Friday, September 6, 2019

Haystack Butte Lava Flow part of The Simcoe Volcanic Field

Driving east on Highway 14 from the Celilo Falls overlook (the-former-celilo-falls), I noted a boulder covered slope with a low cliff area above.
 

The rock is basalt. No surprise given that the location along the Columbia River and the presence of Columbia River Basalt Group (CRBG) that is exposed as cliffs and terraces all along this area. I have observed the CRBG outcrops and the appearances of those outcrops and cliffs as well as the shapes of the features eroded by the ice age floods that poured down the Columbia.



The rocks themselves are unusually dark relative to CRBG rocks. Further the pile of sharp edge boulders and very rocky slope has a shape that is not at all consistent with what what I have observed elsewhere in the CRBG. The area in question is not extensive; a brief aberration that only differs slightly from the CRBG typical terraces, palisades and channeled scab land land forms. The difference in these rocks is rather subtle that may not be of particular note.

These rocks are not CRBG, but is the southernmost lava from eruptions associated with the Simcoe Mountains volcanic field. Phillips and Walsh (1987) indicate a lava flow emanating from Haystack Butte and flowing down to the river. Their map in part adopts work by Anderson (1986) that includes an age of the flow at 0.9 million years.

The flow is part of the Simcoe Mountains Volcanic Field. Hildreth and Fierstein (2015) discuss the Simcoe Field as well as the adjoining volcanic fields. The Simcoe lavas are not part of the Cascades nor are they part of the older CRBG. The Simcoe Mountains volcanic field is not part of the Cascade Vlocanic Arc, which lies adjacent on its west. Hildreth and Fierstein (2015) conclude the Simcoe volcanics are "a distributed field of intraplate basalts, many of which have ocean-island basalt-like geochemical signatures, carry mantle xenoliths, and fractionate to alkalic intermediates rather than arc andesites".   
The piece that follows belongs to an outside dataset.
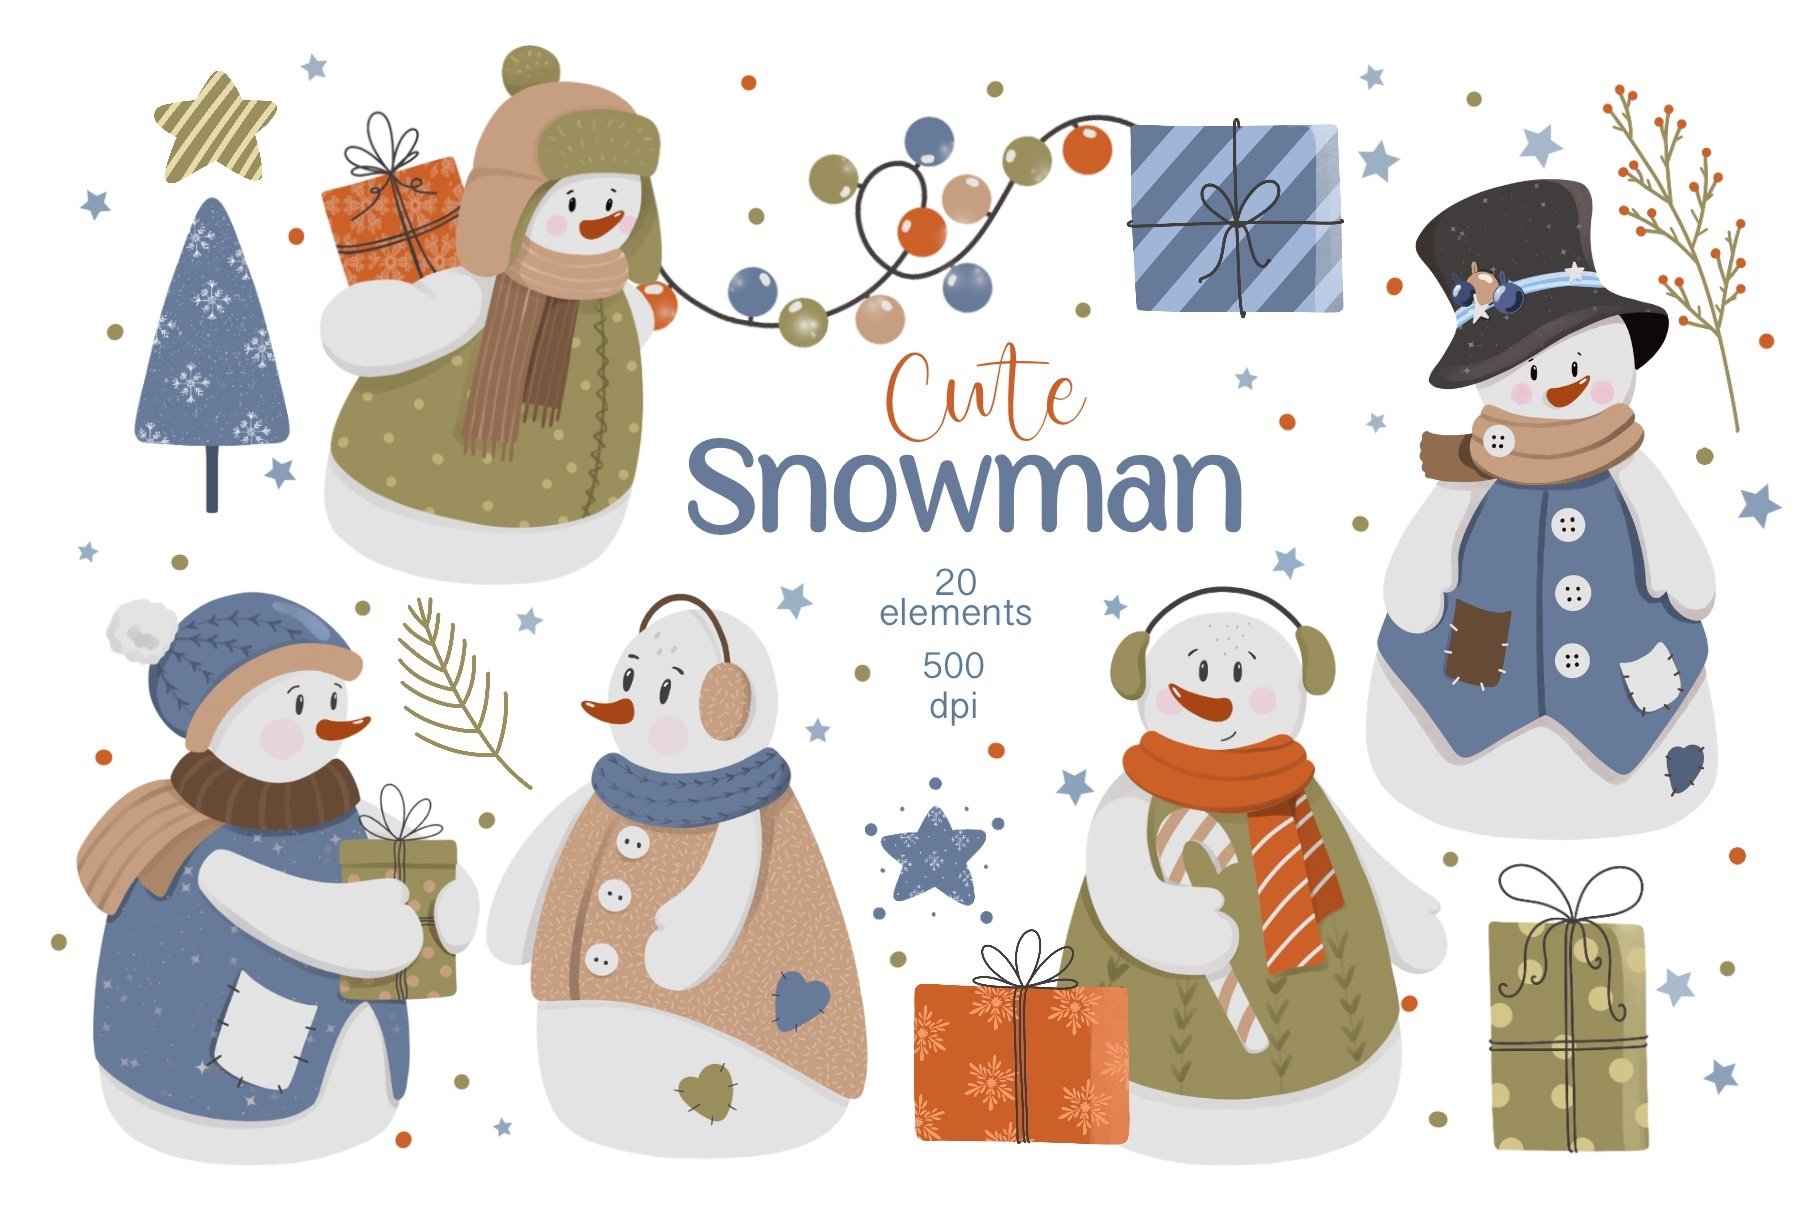 Build a Snowman Clipart, Snow Day Clip Art, Christmas, Make a

Map from Figure 1 in (Hildreth and Fierstein, 2015) showing regional location of intraplate Simcoe Mountains volcanic field (in red) in south-central Washington. Field is divided into three segments by crests of two anticlines (red lines) of the Yakima Foldbelt—N, northern; C, central; S, southern. Directly west are Mount Adams (MA) and Indian Heaven (IH) volcanic fields. Quaternary axis of Cascade Arc extends northward from Mount Hood to Bumping Lake and includes ~150 separate volcanoes, predominantly basaltic; along arc axis, selected cones and shields are indicated by stars and stratocone complexes by red triangles. Southernmost outliers of Simcoe Mountains volcanic field are Haystack Butte (HB) and Lorena Butte (LB). Anticline abbreviations: SMA, Simcoe Mountains Anticline; TRA, Toppenish Ridge Anticline.